@TrueStoryGuy: czy to, że sam nie wierzysz w godność człowieka sprawia, że każdy ma zaniechać takiej wiary i jeśli sam w nią wierzy staje się z automatu hipokrytą?
@Maly_KSIAZE: Jeśli godność jest dla niego najważniejsza, to tak naprawdę nic dla niego nie jest ważne, poza byciem nikim i kimś zarazem, czyli byciem "typowym/normalnym" w społeczeństwie. Godność może i istnieje, może i nie, zależy jak patrzymy na to słowo i ludzi, którzy jego używają. Jedno jest pewne, to słowo jest nadużywane w złym znaczeniu oraz pod kontekst tematu, który tworzy niewłaściwe pojęcie tego wyrazu. Godność jest jedna, niszczy się i tworzy, a człowiek jest jej ostoją, znikającą z każdym jego sprzecznym działaniem.
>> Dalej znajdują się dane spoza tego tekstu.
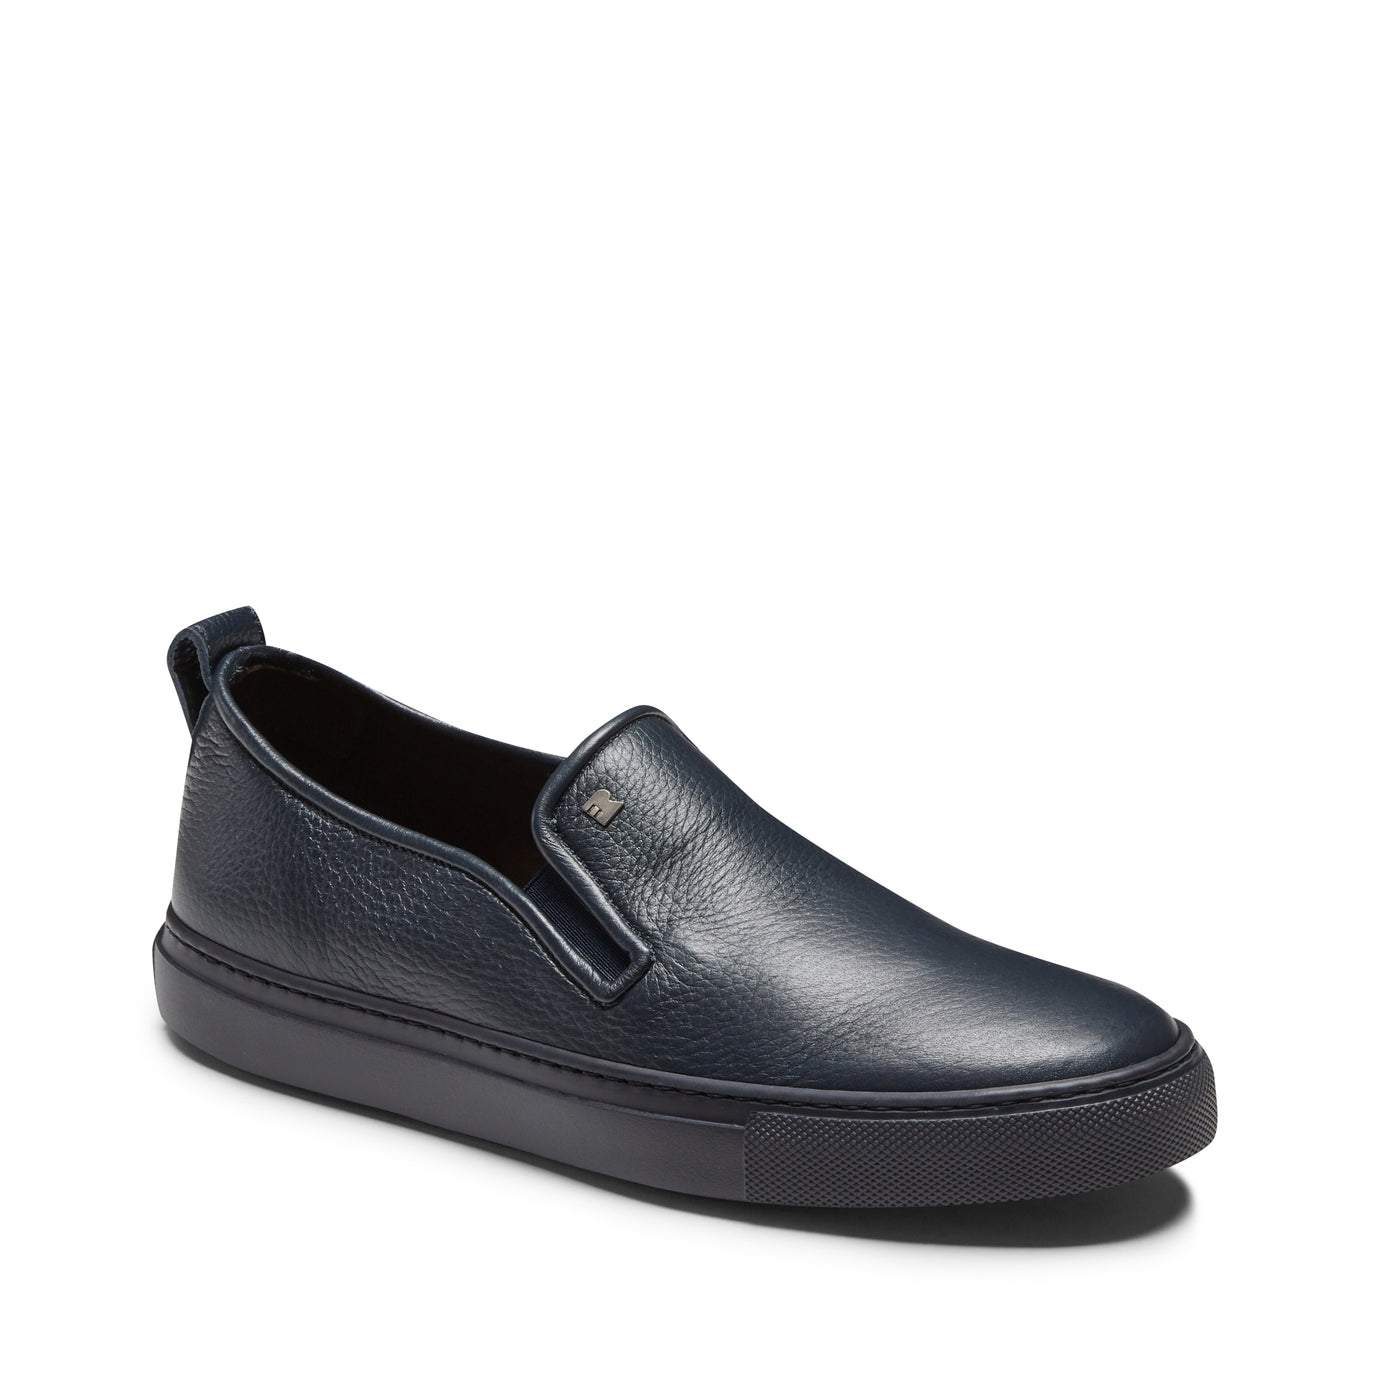 Shop The Latest Collection Of Fratelli Rossetti Fr M Loafer-46882 In Lebanon

@TrueStoryGuy: ale skoro godność niszczy się i tworzy to nie można stwierdzić, że nie istniała bądź nie istnieje teraz.. jak najbardziej zgadzam się ze stwierdzeniem, że znaczenie godności zostało wypaczone, jednak jej meritum pozostało niezmienione.. moim zdaniem chodzi głównie o paradygmat godności zmieniający się wraz ze zmieniającą się, otaczającą nas rzeczywistością oraz jej wymogami.. każdy posiada swoją godność, tylko ta godność może posiadać inne znaczenie dla każdego człowieka.. pytaniem otwartym pozostanie na jakim szczeblu naszej drabiny systemu wartości znajduje się owa godność..
@Maly_KSIAZE: Gdyby godność nie była taka zmienna przez całe życie, to może miałaby jakiś sens. Jedyna godność jaka jest wspólna, to "szanować samego siebie", ale nie każdy uważa to za godność, choć większość pewnie tak. Jak coś nie jest stałe, ciężko stwierdzić czy w ogóle istnieje, dopóty czas tego nie potwierdzi.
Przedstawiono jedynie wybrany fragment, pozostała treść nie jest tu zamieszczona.